Faith, family help Alcántara’s major league ascent

There was a lot on Marlins pitcher Sandy Alcántara’s plate as he worked his way to the majors. Like any other minor leaguer, he had training sessions, games and bus rides for road trips.

Unlike other minor leaguers, though, he also had another commitment.

Alcántara and his fellow Latino players with the Class AA Springfield Cardinals had regular English lessons. The hard-throwing righthander and his teammates would take a bus to their classes. One day, though, Alcántara and his teammates got in a bit of trouble.

“I had to get to my English class and I couldn’t get there early because we lived far,” Alcántara said. “The class was at 1 p.m. and we got out late and the bus left us. We had to take an Uber and it was tough.”

He had a talking to from manager Johnny Rodríguez: don’t do it again.

Later in the season, Alcántara was called into Rodríguez’s office. Worry crept into Alcántara’s mind.

“He tells me ‘We have two bits of news, good news and bad news,’” Alcántara said.

“Which would you like to hear first?” Rodriguez asked Alcántara.

“I said, ‘Tell me the good news,’” Alcántara said.

The good news wasn’t anything Alcántara was expecting.

“The good news is, they called you up to the big leagues,” Rodríguez said.

Alcántara’s eyes swelled up. He fought back tears. He thanked Rodríguez, his coaches and his teammates before heading off to the big leagues.

After that moment had settled, Rodríguez broke the bad news.

“I have to quit missing classes,” Alcántara said with a laugh.

His road to the majors, like most other Latino players, wasn’t simple.

At the age of 11, Alcántara’s parents decided to have him move in with his sister, Aridia, who lived in Santo Domingo, nearly three hours away from his hometown of Azua.

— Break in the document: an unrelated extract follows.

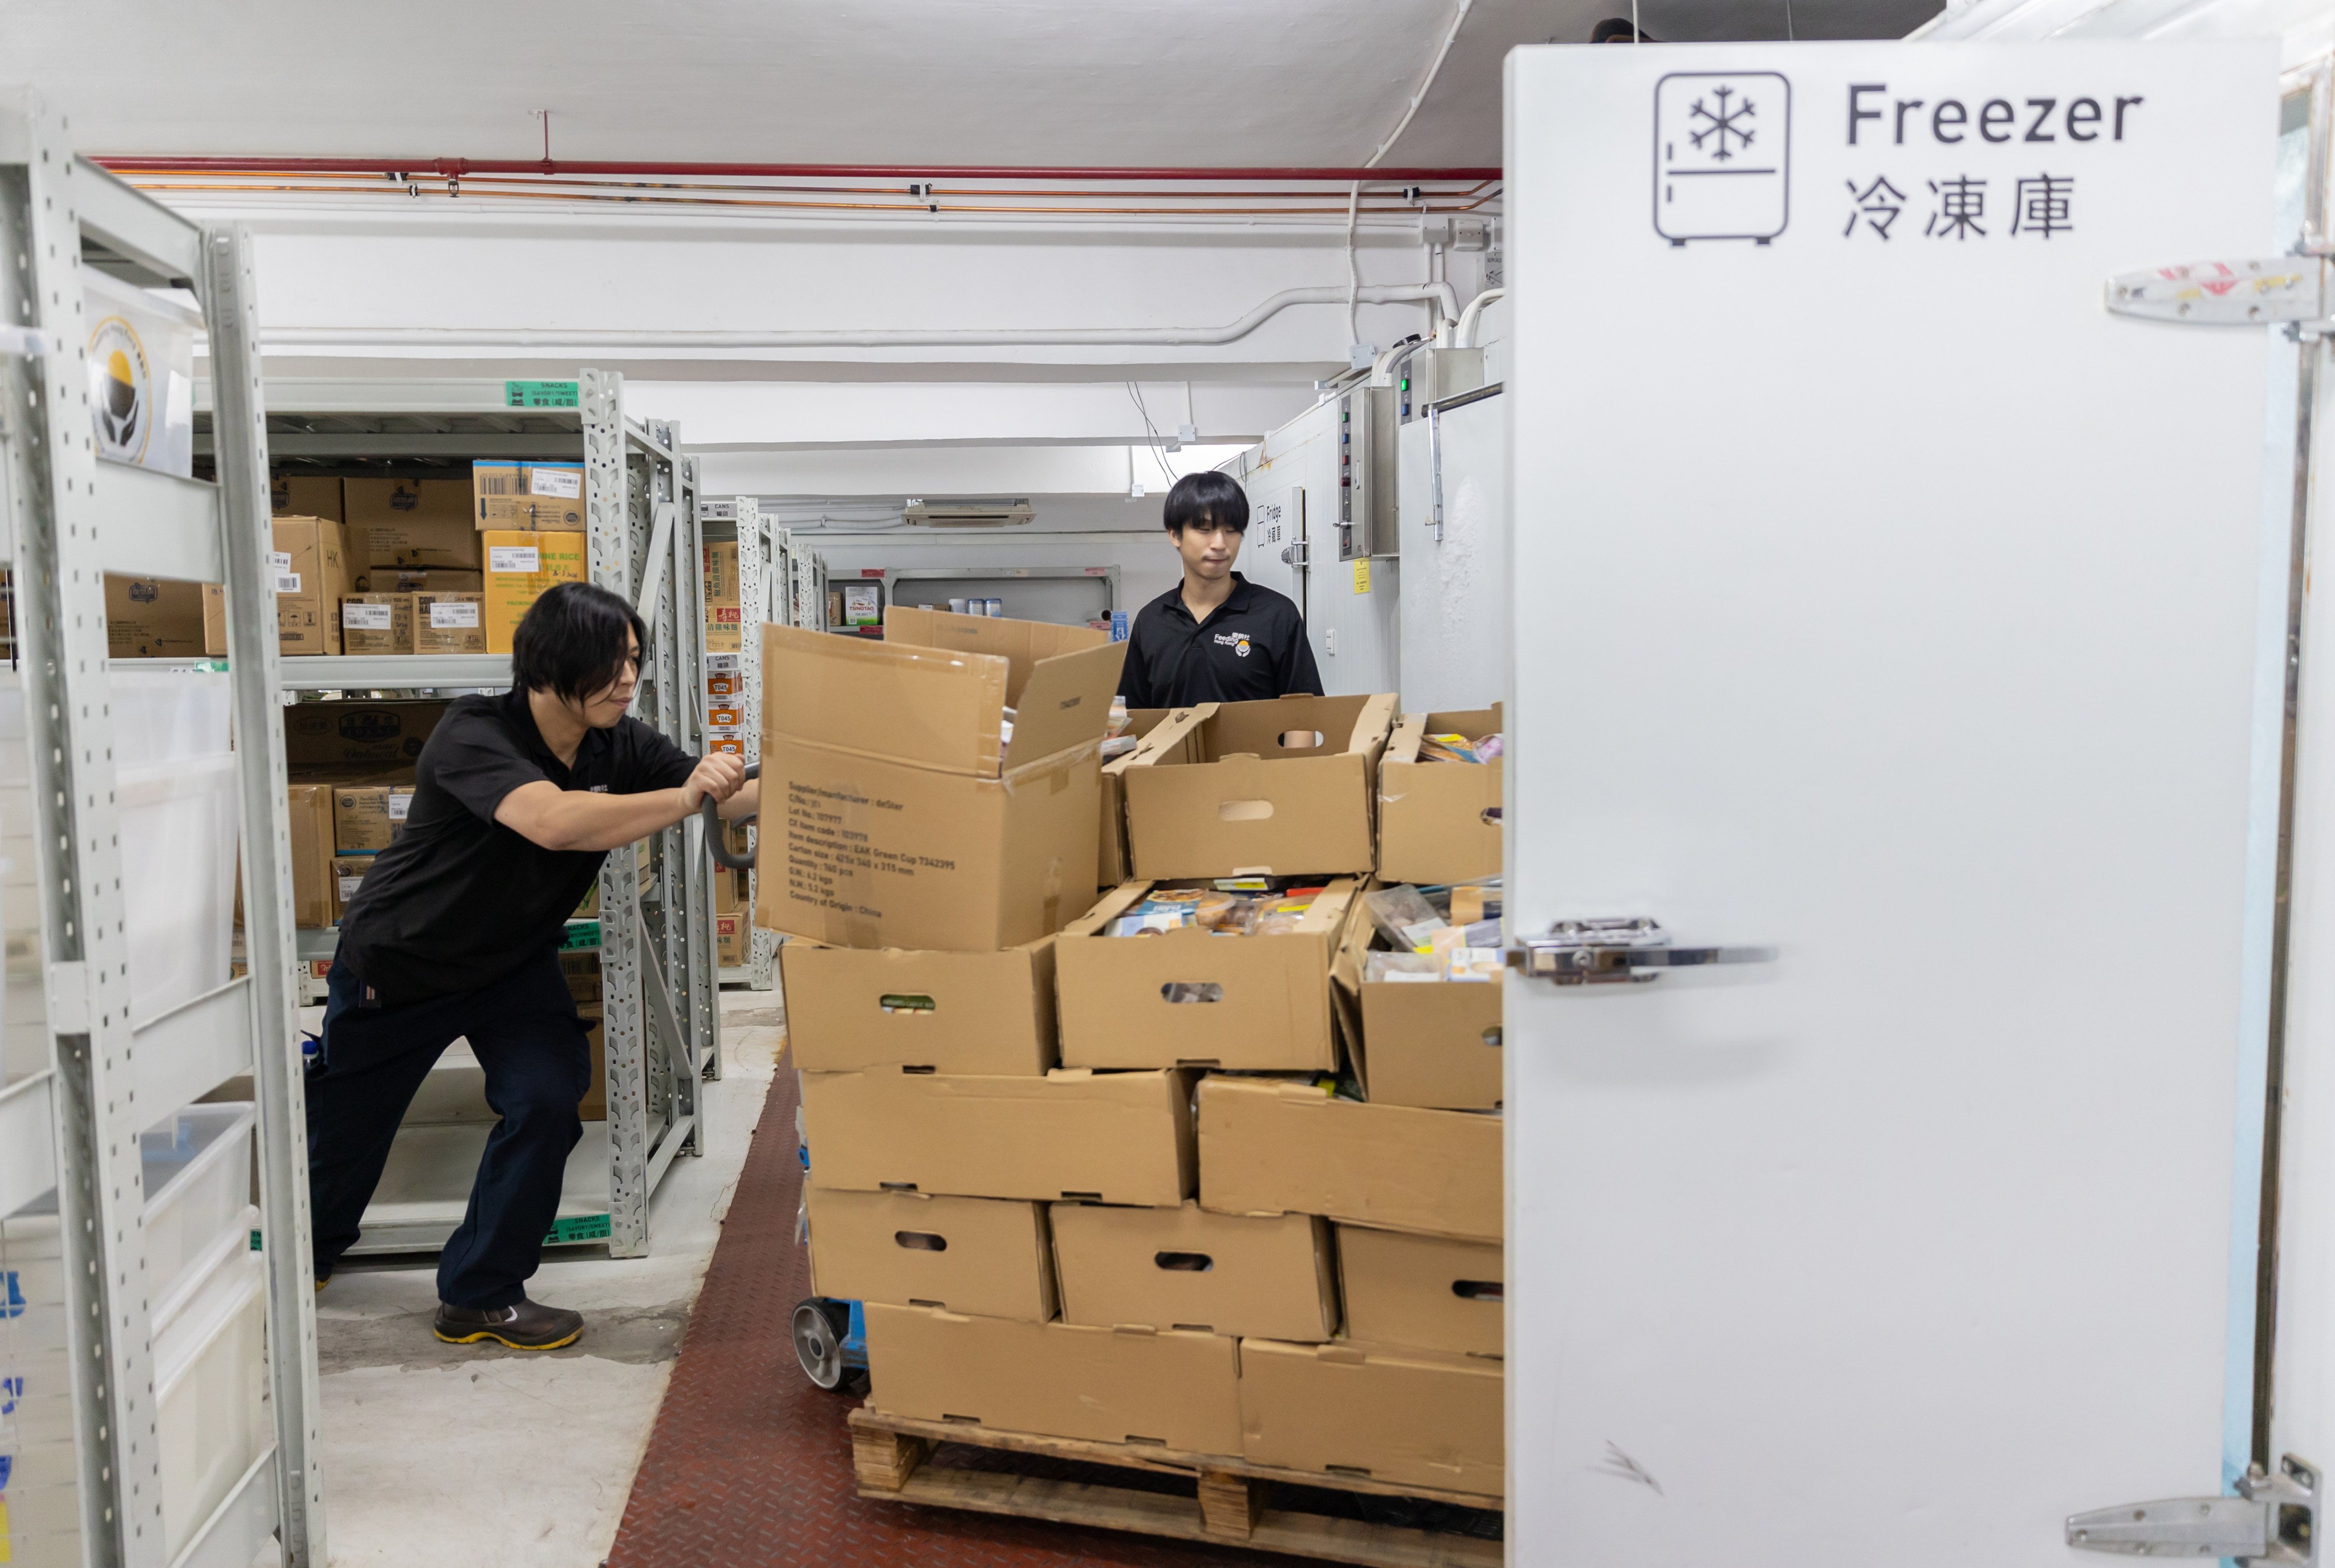 Feeding Hong Kong’s warehouse freezers are loaded up with food supplies. Photo: Handout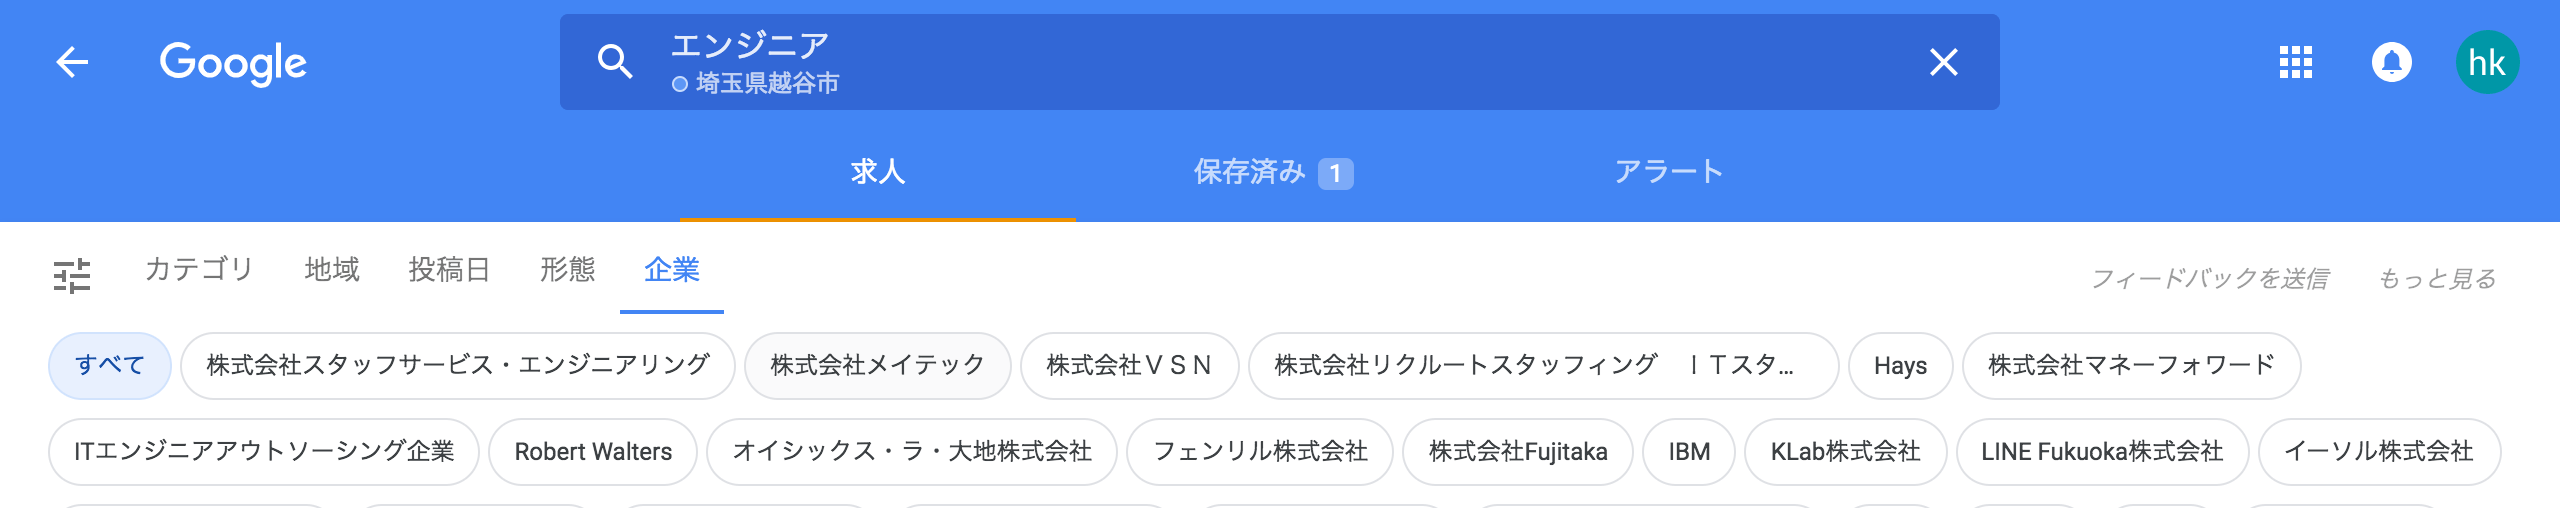 Google for Jobs検索フィルタ 企業

“It was something difficult,” Alcántara said. “My dad took the decision to send me with her so that I could practice baseball and study as well because in my house, there’s a lot of us. (I have) 10 brothers and sisters.”

Even after the move, though, it wasn’t a clear path.

His first time on a diamond near his sister’s house, he played a game and was placed in the outfield. A grounder got through the infield and found its way to him.

“I had no idea how to throw,” Alcántara admitted. “So, I grabbed the ball and I threw it to where the catcher was.”

He laughs about it now, but it was just the start of his path to the big leagues that would be littered with speed bumps.

When he finally signed with the Cardinals as a 16-year-old international free agent, there were doubters. The biggest one was Alcántara himself.

“I began to have a lot of doubt in myself,” Alcántara said. “I thought I wasn’t going to reach the majors because I was too skinny. I weighed around 145 pounds.”

He turned to the one outlet that has always been with him: his faith.

“I started praying to God and those doubts left me,” Alcántara said.

That led him to change his workout regimen and diet.

“I did everything differently,” Alcántara said. “I started going to the gym constantly. I started lifting more weights. I started eating more plantains, more mangú, lots of rice and things like that.”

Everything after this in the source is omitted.